Please not that all lookup and retrieval function will only work properly when a sufficient internet connection is provided.
Using the same search strategy by name as described above, users can now download these databases using the download_database()
function.
For downloading only single files users can type:
# select NCBI nr version 27 = "nr.27.tar.gz"
# and download it into the folder
download_database(name = "nr.27.tar.gz",
db_format = "blastdb",
path = "nr")
Using this command first a folder named nr
is created and the file nr.27.tar.gz
is downloaded to this folder. Here the argument db_format
specifies the blastdb
format. This means that the pre-formatted (by makeblastdb formatted) database version is retrieved.
Alternatively, users can retrieve all nr
files with one command by typing:
# download the entire NCBI nr database
sapply(listDatabases("nr"), download_database, path = "nr")
Using this command, all NCBI nr
files are loaded into the nr
folder (path = "nr"
).
The same approach can be applied to all other databases mentioned above, e.g.:
# download the entire NCBI nt database
sapply(listDatabases("nt"), download_database, path = "nt")
# download the entire NCBI refseq (protein) database
sapply(listDatabases("refseq_protein"), download_database, path = "refseq")
# download the entire NCBI PDB database
sapply(listDatabases("pdb"), download_database, path = "pdb")

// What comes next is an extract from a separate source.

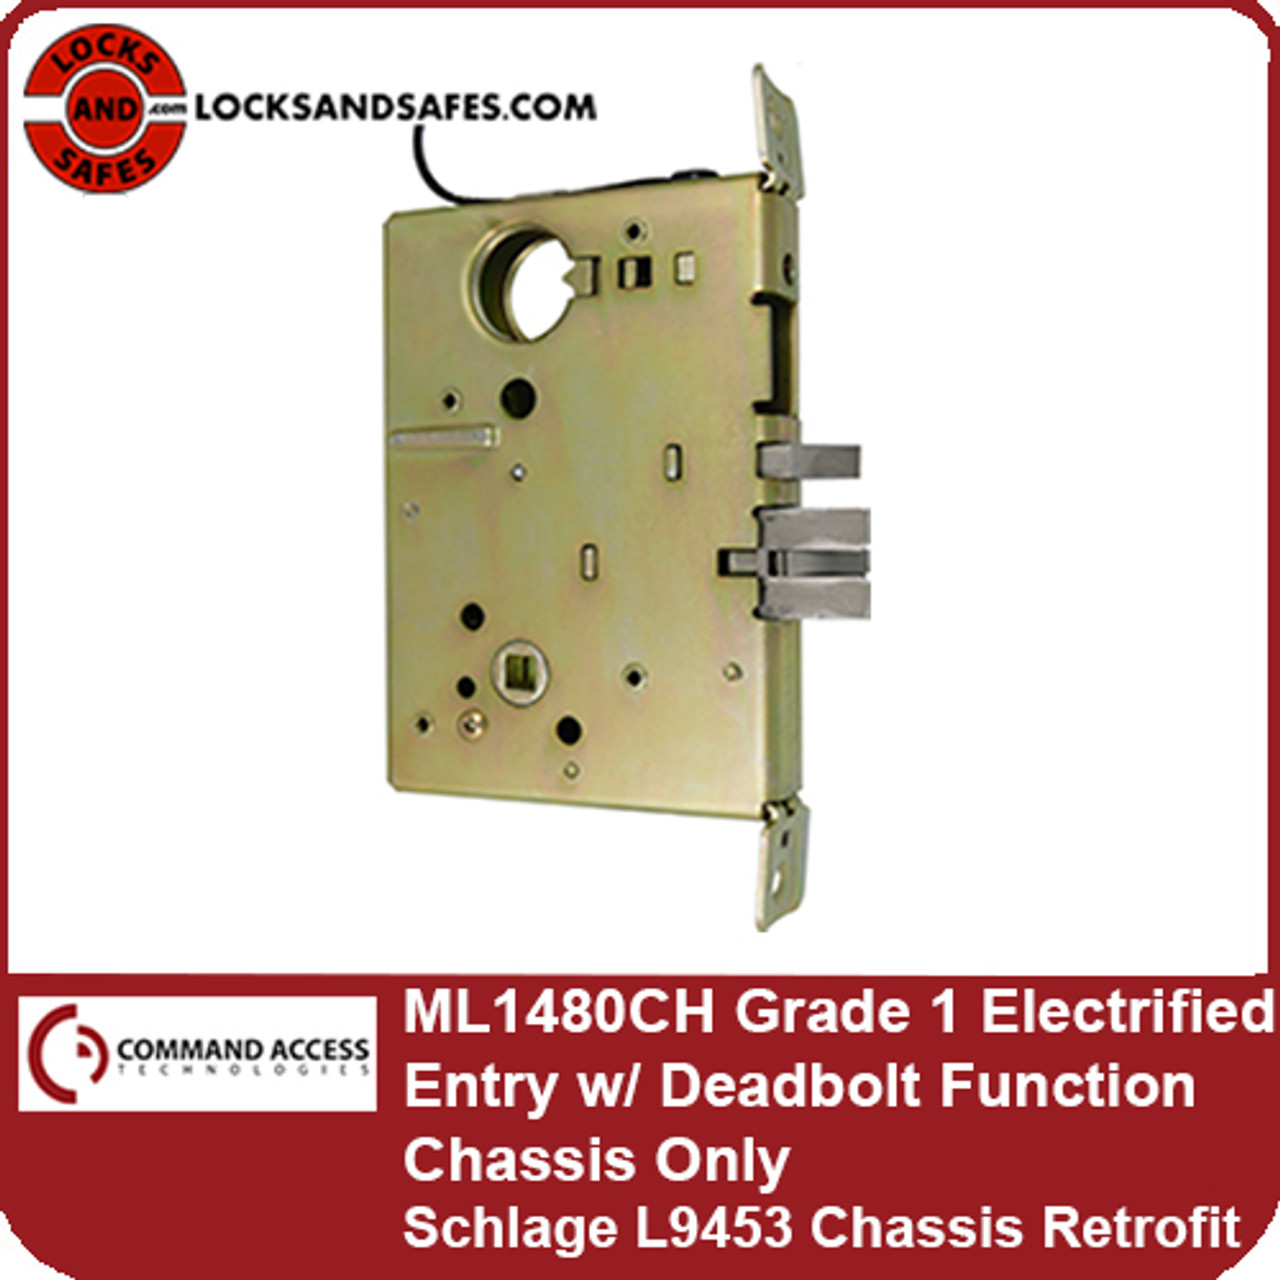 Schlage L Series Mortise Lockset, Storeroom Function w/ Deadbolt, Lockbody  Only
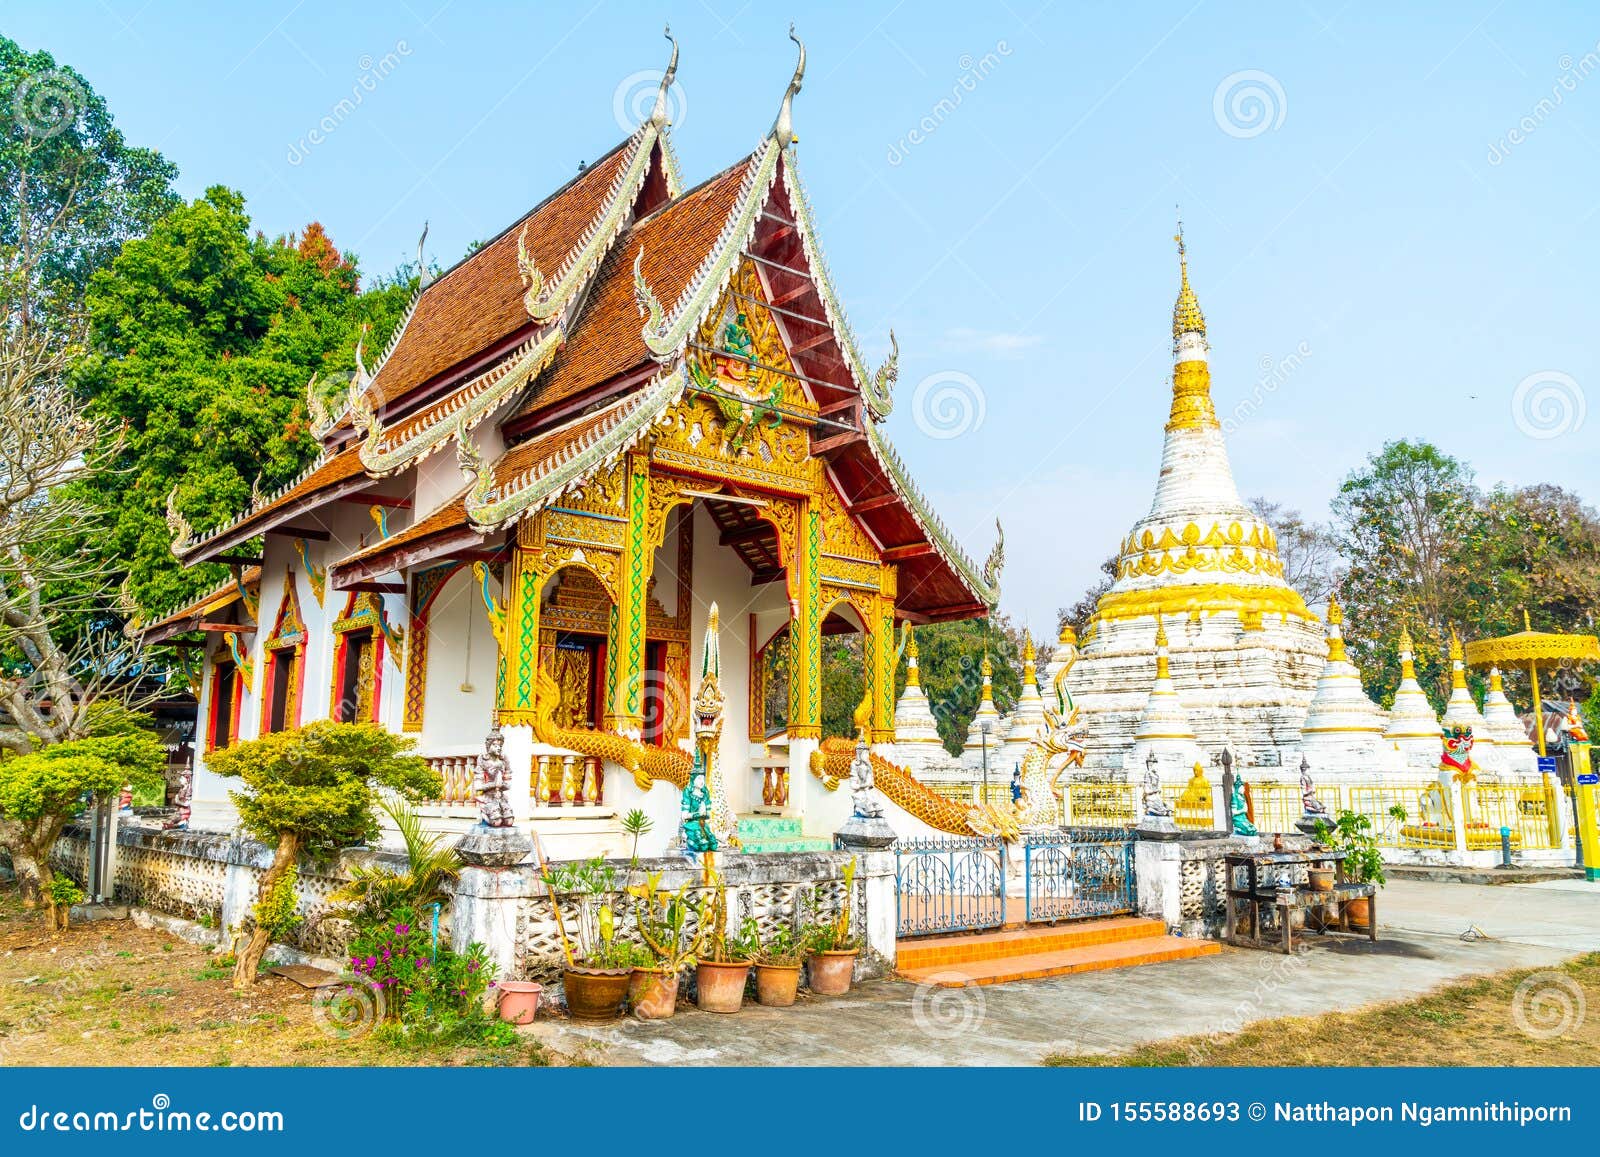 Wat Luang at Pai in Mae Hong Son, Thailand Stock Image - Image of park ...

In case users wish to download the fasta
files of the corresponding databases instead of the formatdb
files, they can specify the argument db_format = "blastdb"
.
# download the entire NCBI nt database in fasta format
sapply(listDatabases("nt"), download_database, db_format = "fasta", path = "nt")
# download the entire NCBI refseq (protein) database in fasta format
sapply(listDatabases("refseq_protein"), download_database, db_format = "fasta", path = "refseq")
# download the entire NCBI PDB database in fasta format
sapply(listDatabases("pdb"), download_database, db_format = "fasta", path = "pdb")
Please notice that most of these databases are very large, so users should take of of providing a stable internect connection throughout the download process.